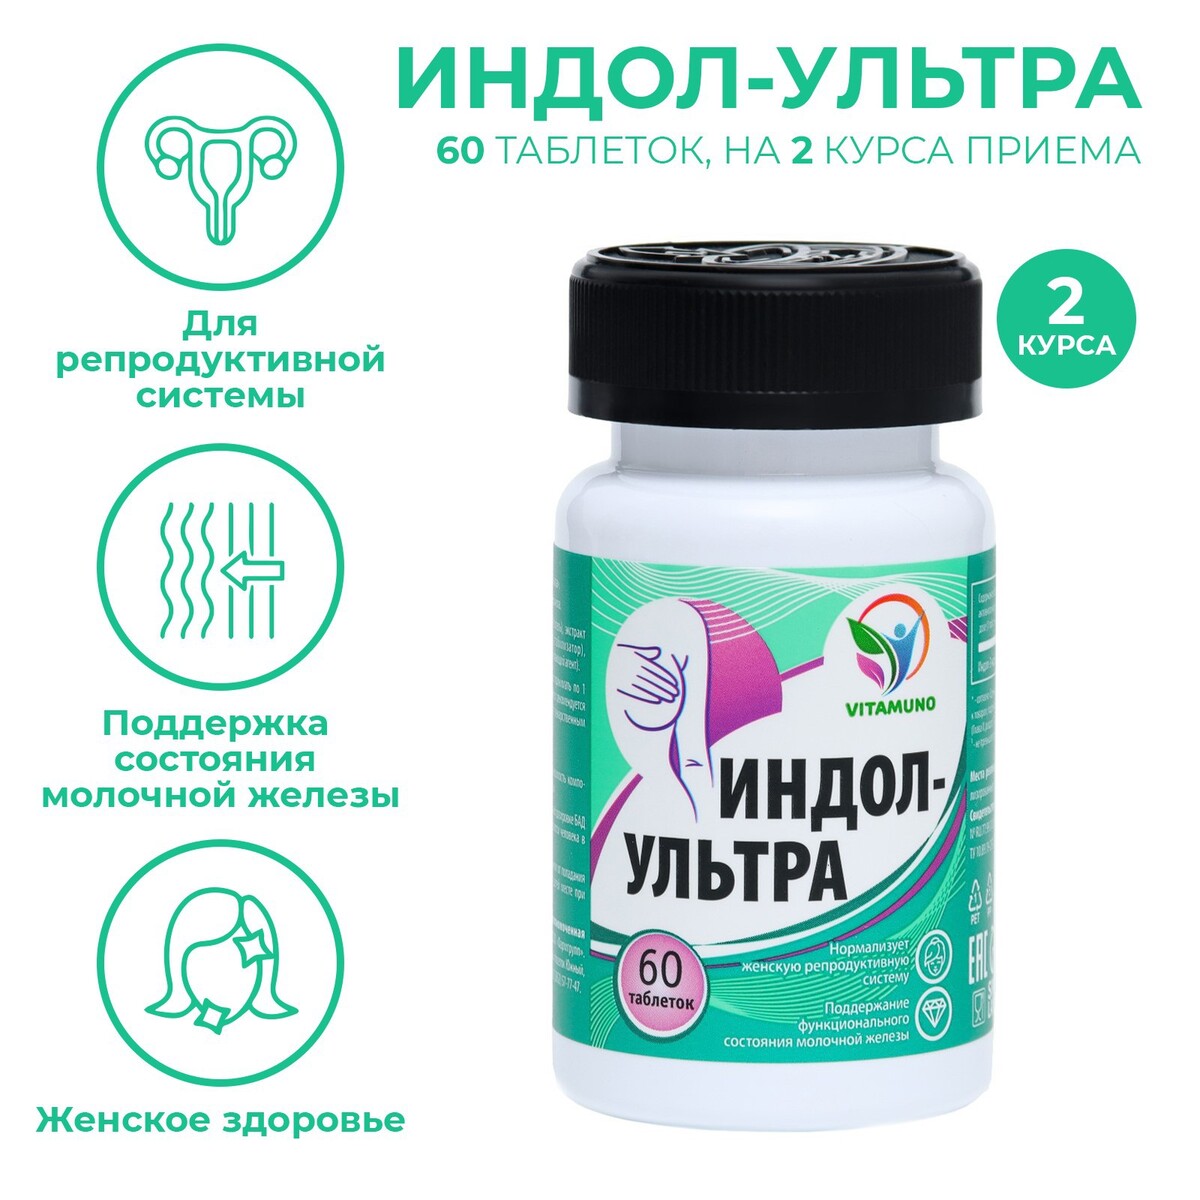 Индол-ультра, 60 таблеток по 500 мг Vitamuno
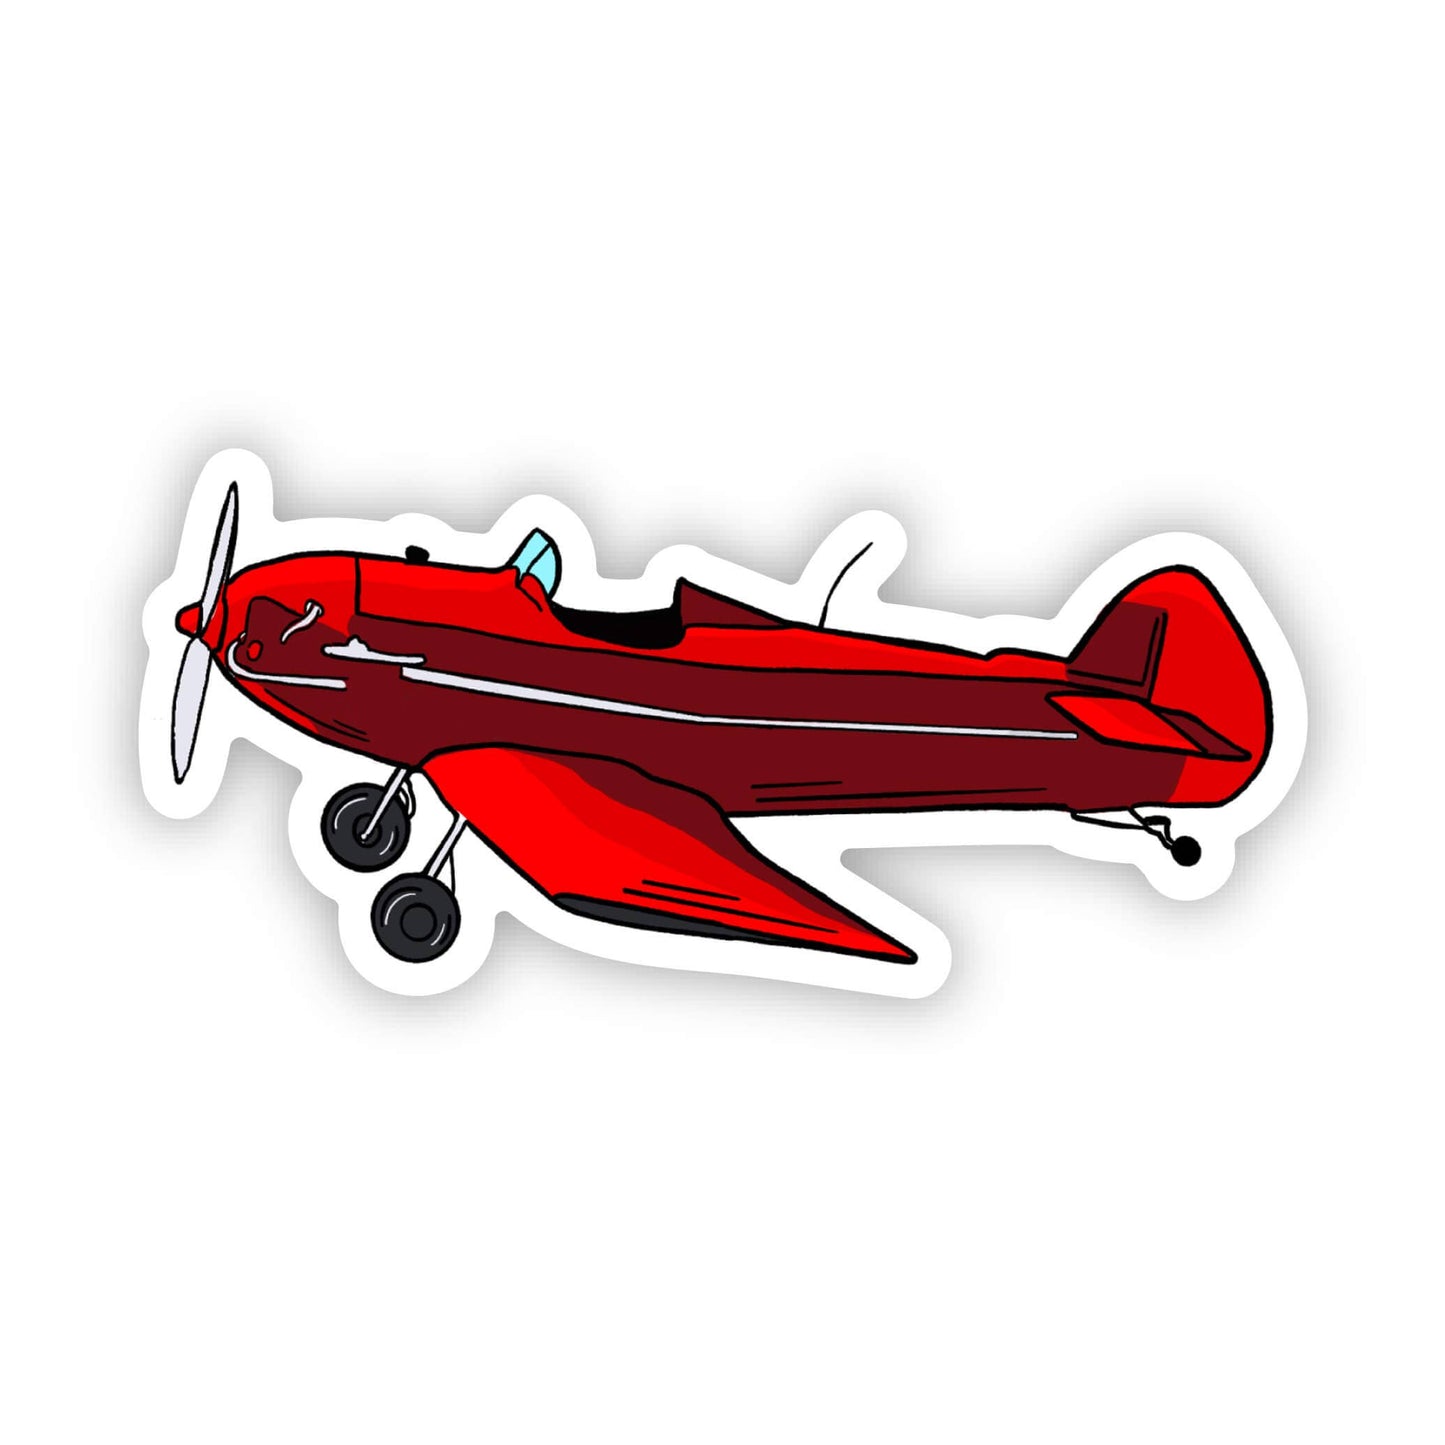 Little Red Airplane Sticker
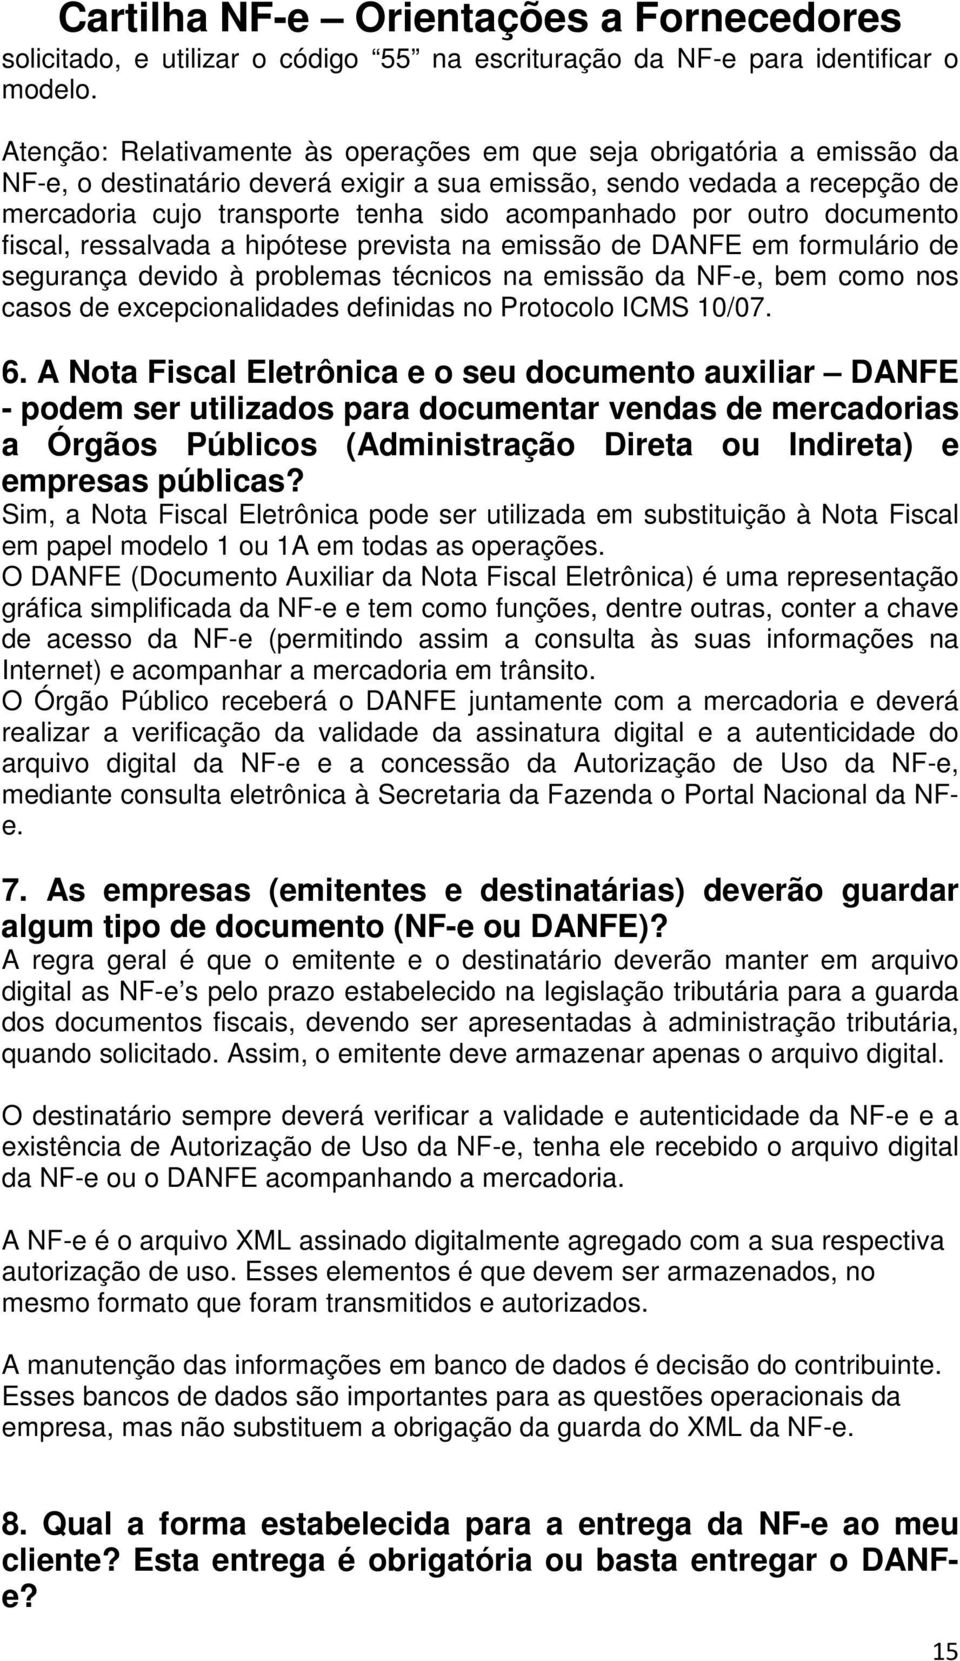 por outro documento fiscal, ressalvada a hipótese prevista na emissão de DANFE em formulário de segurança devido à problemas técnicos na emissão da NF-e, bem como nos casos de excepcionalidades

--

How to complete this task: Print the data again, word for word, without any pictures.

Solution to this exercise:
 Индол-ультра, 60 таблеток по 500 мг Vitamuno
 Little Red Airplane Sticker
 por outro documento fiscal, ressalvada a hipótese prevista na emissão de DANFE em formulário de segurança devido à problemas técnicos na emissão da NF-e, bem como nos casos de excepcionalidades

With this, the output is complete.